Beyond care-specific skills, digital skills in particular are core to the development of the health and social care workforce, with many routine activities now requiring a level of digital literacy that some people’s personal lives may not afford them. These include updating rotas, logging vaccination statuses, undertaking e–learning and managing digital support records on apps.

We note that last year’s social care white paper acknowledged the importance of developing digital literacy in the workforce in order to fulfil government ambitious around healthcare digitisation more generally, and we look forward to hearing more about initiatives that will achieve this.

3.   Prepare people for work

This is a wider point about the state of the UK economy.

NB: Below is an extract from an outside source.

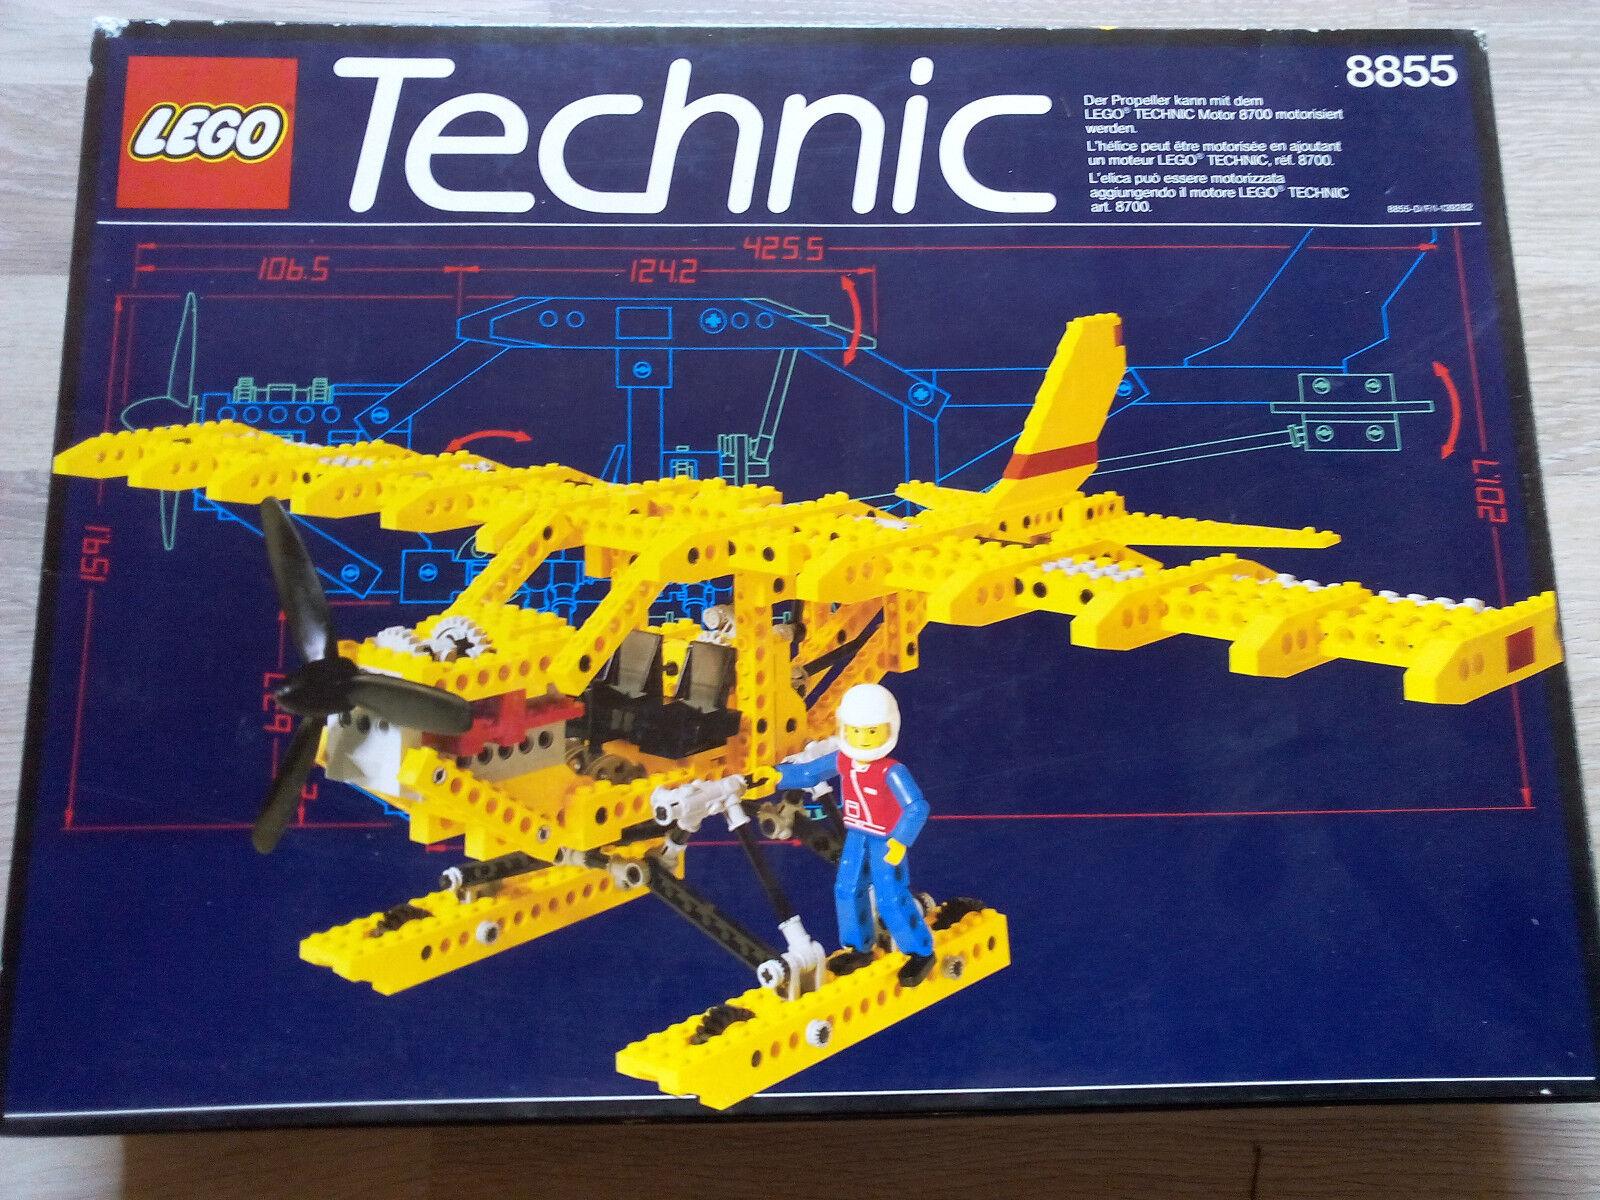 Lego Technic Technik 8855 Prop Plane   NEU & OVP - RARITÄT

Like James, three quarters of working age adults in the UK are now in work, close to record levels. What about the remaining quarter? Isn’t it a stunning societal failure that so many people cannot, choose not, or are not wanted to work?

Work readiness programmes

Nationally we seem to be quite good at the ‘stick.’ Job seekers allowance isn’t generous, for example. But where are the carrots? Where is the vocational training in schools? Where are the high quality work readiness programmes for adults who would like to enter the workforce, especially in shortage or ‘key’ occupations? Where are the incentives for employers to recruit people from non-work backgrounds?

At Dimensions, very few of the people who apply to work with us through job centres make it through the process. Often they haven’t the right values, or attitude. People like James aren’t easy to find.

Employing more disabled people

Despite the government’s stated aim to halve the disability employment gap, figures have barely budged even at a time when employers across all sectors are short of workers.

The ONS tells us that 21% of working age adults are now classed as disabled, up from 19% last year. That’s an extra 693,000 working age disabled adults in a year. And believe it or not, an extra 2m since 2010 when the disability rate in working age adults was 15%.

The inescapable conclusion is that disability across the UK population is at crisis level.

Fewer than 6% of working-age adults with learning disabilities, for instance, are in employment – despite Dimensions research revealing that 65% of people with learning disabilities want to work. The picture for autistic people is only somewhat better.

Have we also collectively given up on enabling disabled people to join the workforce?

Apprenticeships

We would like Government to remove the restrictions on apprenticeship funding that currently require recipients to have lived in the UK for at least three years. These rules have halted the development of many good colleagues who have been unable to access the costly diploma-only alternative.

If we wish to tackle desperate labour shortages across key professions – teaching, medicine, care, social work and so on – and in the context of a national desire to minimise immigration –

We must get these fundamentals right. Yes, it’s hard. But it’ll make more difference than a Government-led recruitment advertising campaign.

4.   Target integrated health and care

We hear a lot about integrating health and social care.

Imagine a national workforce of highly trained care workers like James, ready and able to support people with complex health needs out of hospital more quickly. There would be less bed blocking. Fewer ambulance queues out the front. Less burnout across the hospital workforce. And far better person-centred care for those who need it, likely resulting in reduced need for care for some over the long term.

We’re not there yet. Nowhere close. But we can get there, if government is prepared to adopt a bold vision around pay, training and wider workforce as set out here. Let’s make integrated healthcare a reality.

5.   Undertake an annual workforce plan for social care

It is extraordinary to us that government is resisting formal workforce planning in social care. How else can it make good decisions? Once government has grasped the nettle of workforce funding and training as above, formal workforce planning can become a constructive tool to ensure that we sustain a health & social care workforce to be proud of.